Please take the lines from the one holding "Set of 6 dining" through the one holding "The chairs still look up to date in" in the data below and copy them exactly.

§ **The input**:
☆ ☆ ☆ ☆ ☆ ☆ ☆

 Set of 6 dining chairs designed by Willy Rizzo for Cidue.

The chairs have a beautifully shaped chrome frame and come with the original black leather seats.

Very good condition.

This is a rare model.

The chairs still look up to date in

☆ ☆ ☆ ☆ ☆ ☆ ☆

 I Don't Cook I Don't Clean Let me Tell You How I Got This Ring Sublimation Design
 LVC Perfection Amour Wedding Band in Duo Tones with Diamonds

☆ ☆ ☆ ☆ ☆ ☆ ☆

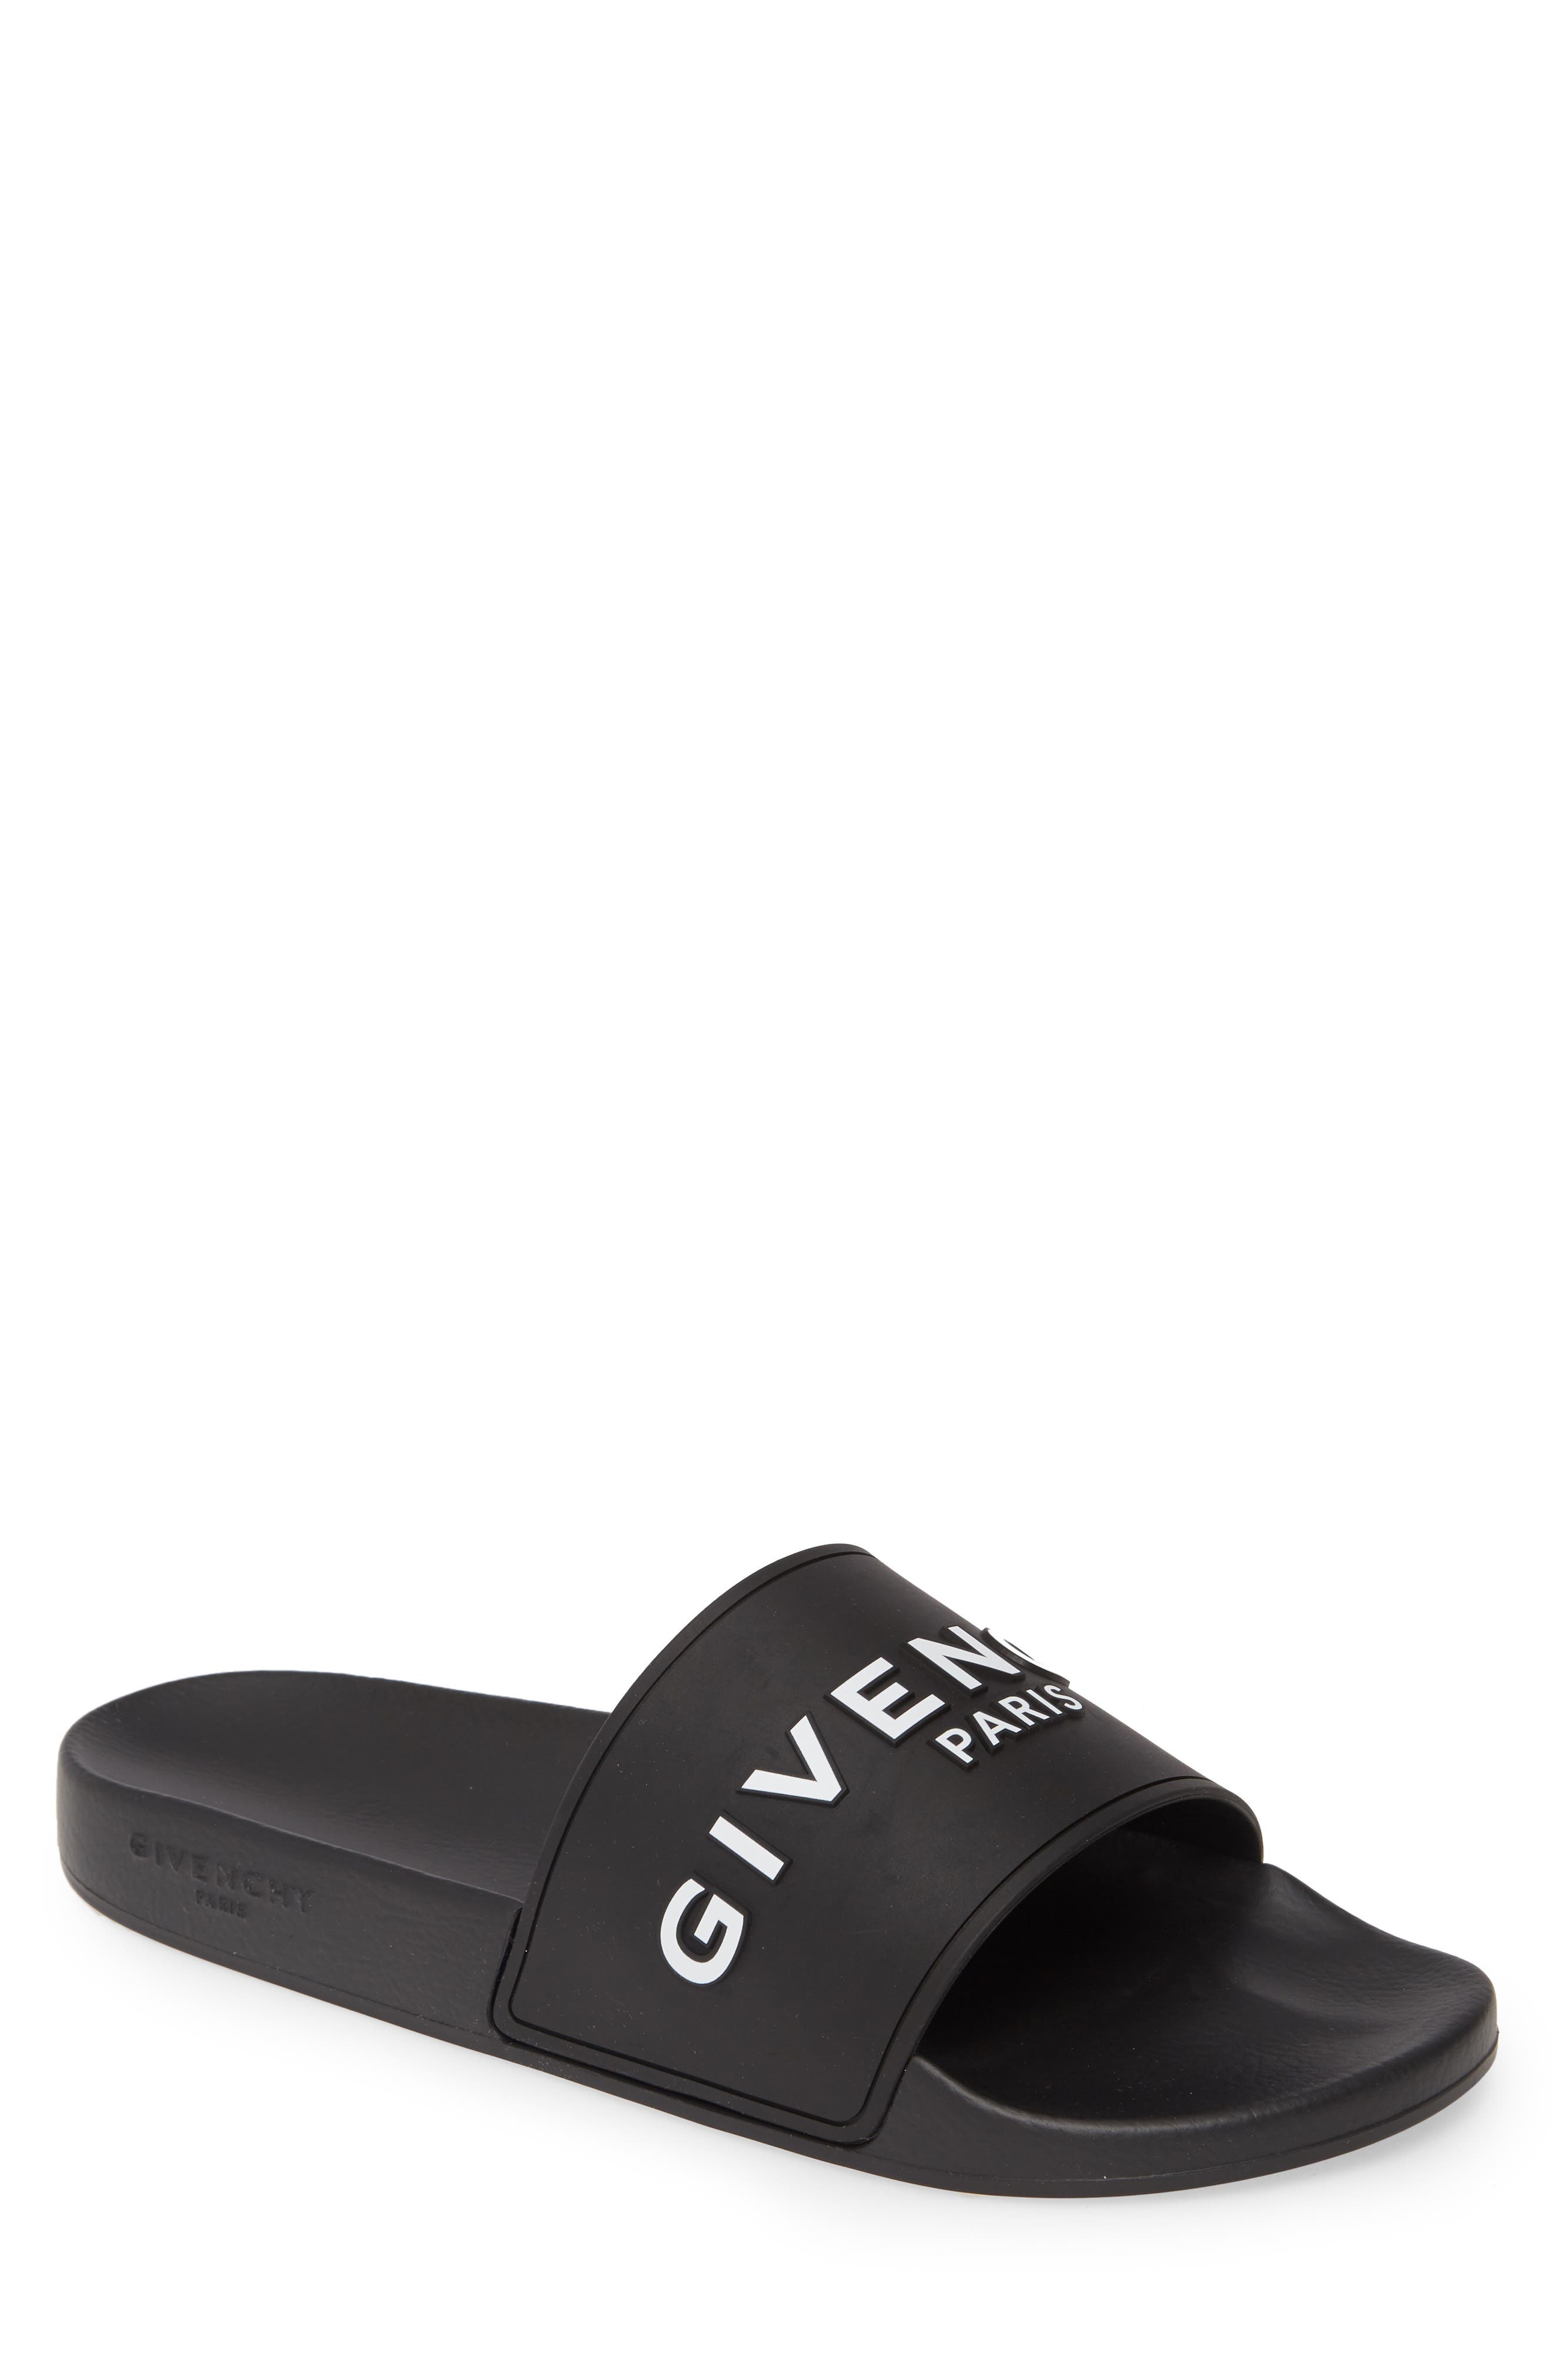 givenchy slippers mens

☆ ☆ ☆ ☆ ☆ ☆ ☆

§ **Written solution**:
 Set of 6 dining chairs designed by Willy Rizzo for Cidue.

The chairs have a beautifully shaped chrome frame and come with the original black leather seats.

Very good condition.

This is a rare model.

The chairs still look up to date in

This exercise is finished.